While trying to recover from COVID at the end of the fall quarter of 2023, Hsiao was forced to choose between taking a final or taking an incomplete for a class. UCLA requires a minimum isolation period of five days — although longer than CDC minimums, this is shorter than what scientific research shows for the typical contagious period of COVID-19. Despite living in on-campus housing, Hsiao was not provided with UCLA’s limited isolation housing, which meant they were forced to put their suitemates at risk of contracting COVID. Additionally, people in isolation housing no longer get food delivered to them. Because UCLA removed the resources allowing dining hall takeout or delivery, Hsiao could not get food without “posing a danger to other people.” It was even more difficult for Hsiao to access care without UCSHIP.
Their situation is by no means unique but is indicative of the failure of UCLA’s COVID policies. Hsiao believes “it is important to protect everyone we can,” and this is not possible when the needs of disabled, high-risk, and immunocompromised people (and the general population) are ignored.

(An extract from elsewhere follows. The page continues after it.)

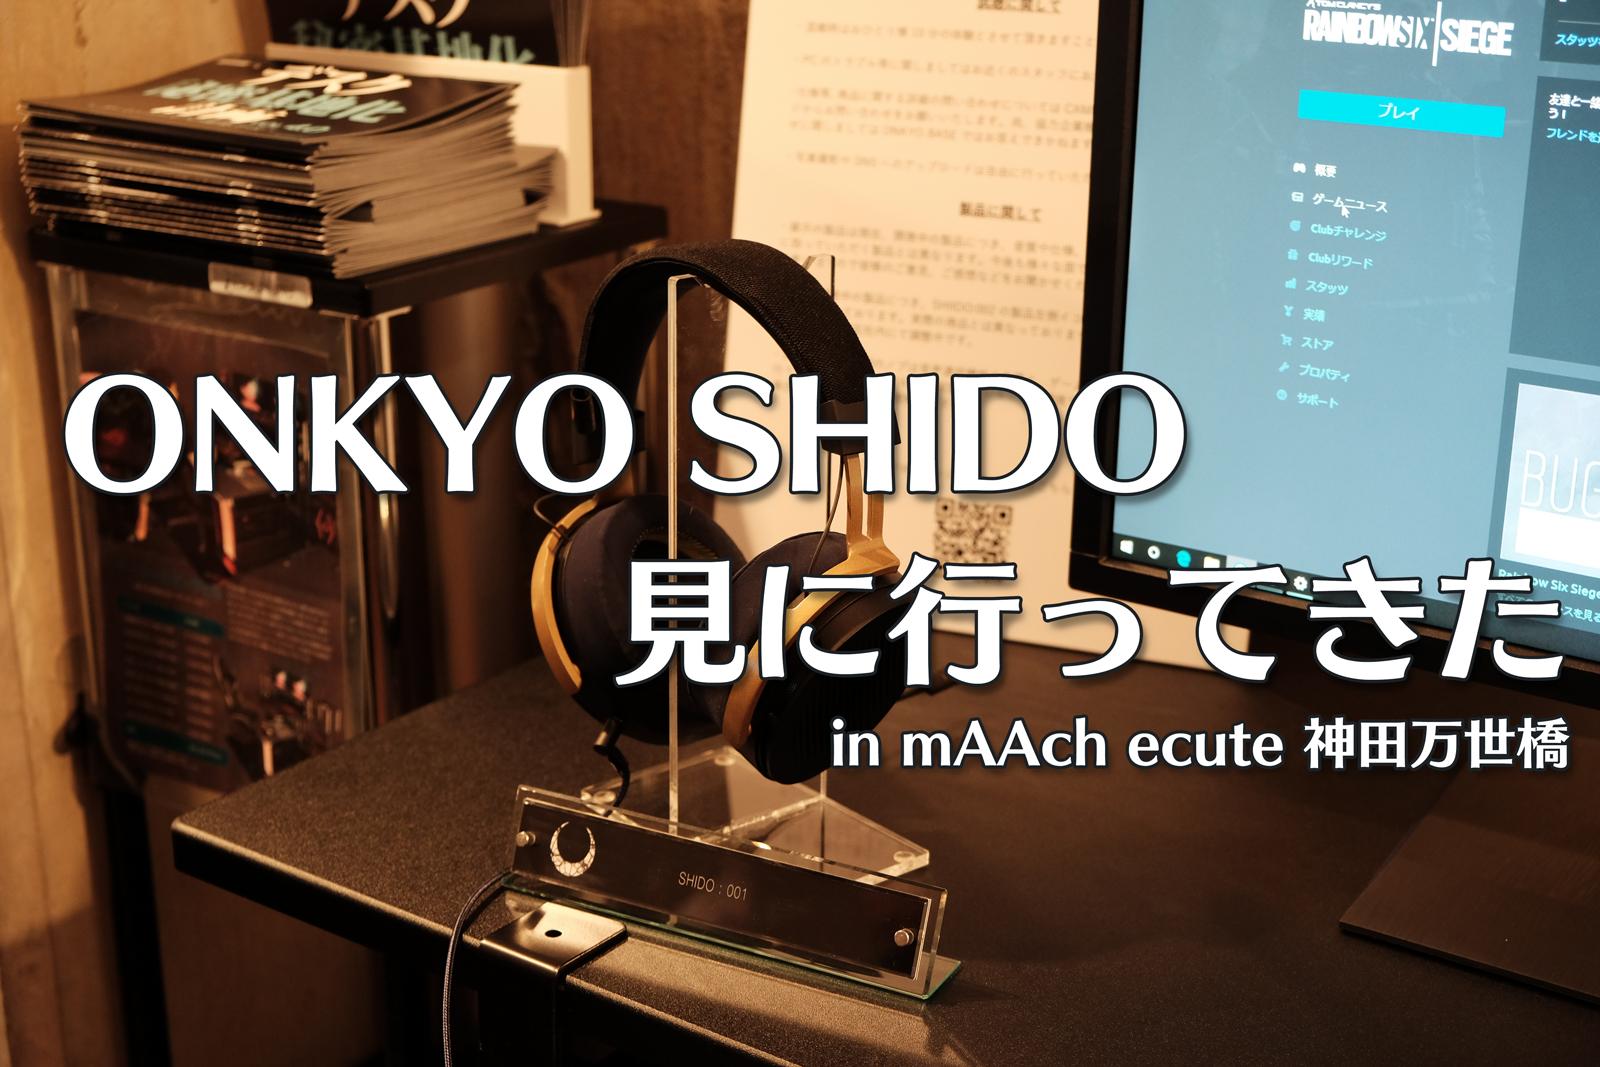 オンキヨー初のゲーミングブランド「SHIDO」見に行ってきた。in mAAch エキュート神田万世橋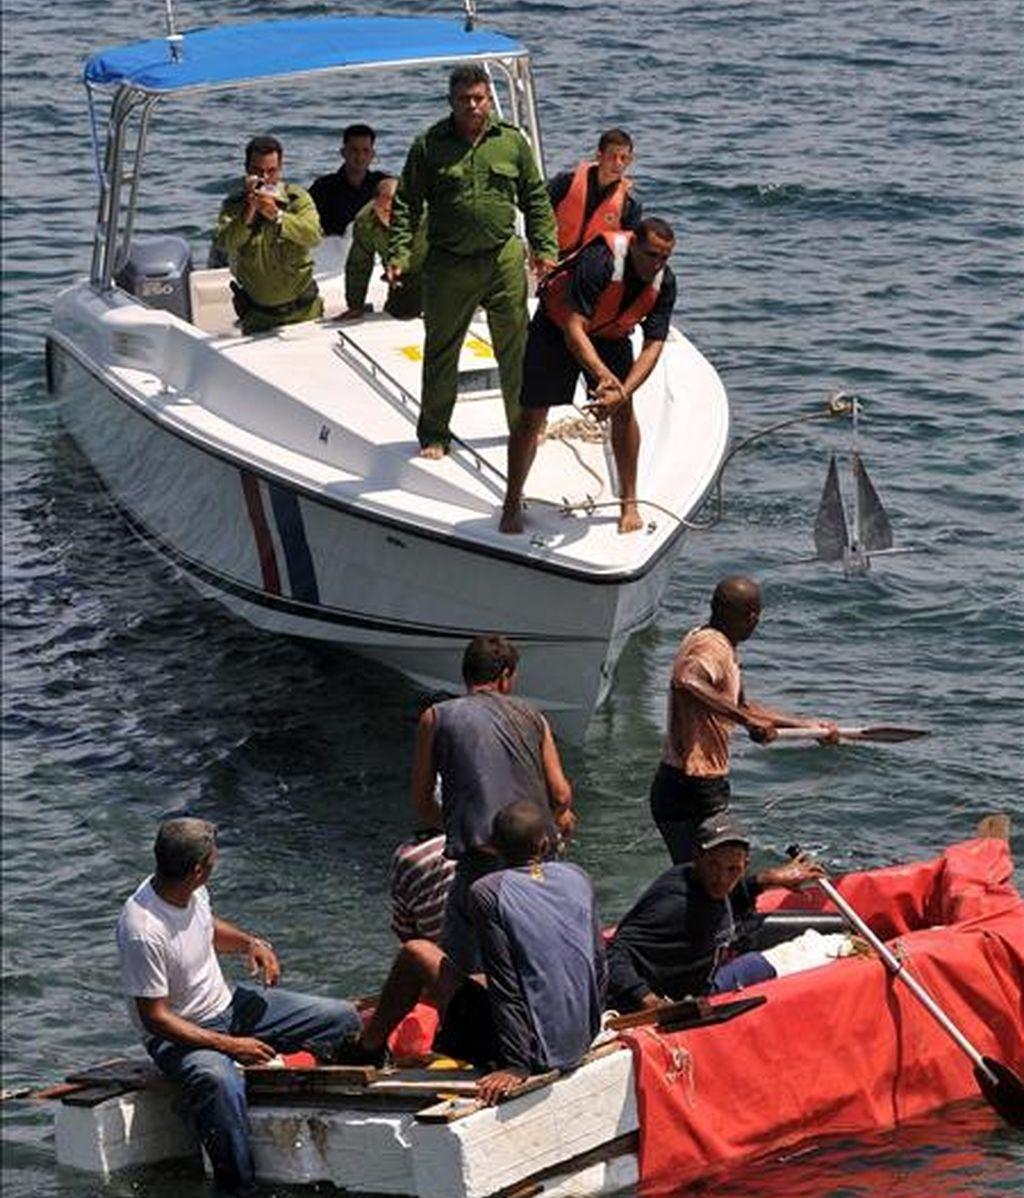 Imagen de este jueves de guardafronteras cubanos que tratan de abordar una embarcación rústica de un grupo de balseros que intentan una salida ilegal. EFE

“All of the incredible work that Gwen has done to carry this initiative forward from its inception to its implementation is so vitally, vitally needed by our community,” Esquivel Gopar, Hill’s supervisor at the LGBTQ+ CRC, said. “Society is moving on from prioritizing the safety and the well-being and the public health of our communities — specifically, communities that are multiply disenfranchised and impacted by larger public health issues, whether it be COVID, whether it be RSV, whether it be, you know, the HIV/AIDS pandemic.”
The queer and trans community knows what it is like to be left behind, disabled, and ostracized by society, especially because of healthcare policy failures. Paralleling the HIV/AIDS pandemic, COVID and HIV both damage T cells and the immune system as a whole. The LGBTQ+ CRC consistently stocks high-quality masks and safe sex supplies and is one of the distribution sites for the Health Promotional Initiative. As Stubblefield stated, it is important to prevent death rather than be motivated after already having lost more lives.
Despite our federal, state, and local governments’ silence on COVID, the pandemic is ongoing. Students continue to be immunocompromised and turn to university support because they are neglected elsewhere. “Ignoring it doesn’t make it disappear,” Hill said. The Initiative needs community engagement and support to prevent its termination at the end of June.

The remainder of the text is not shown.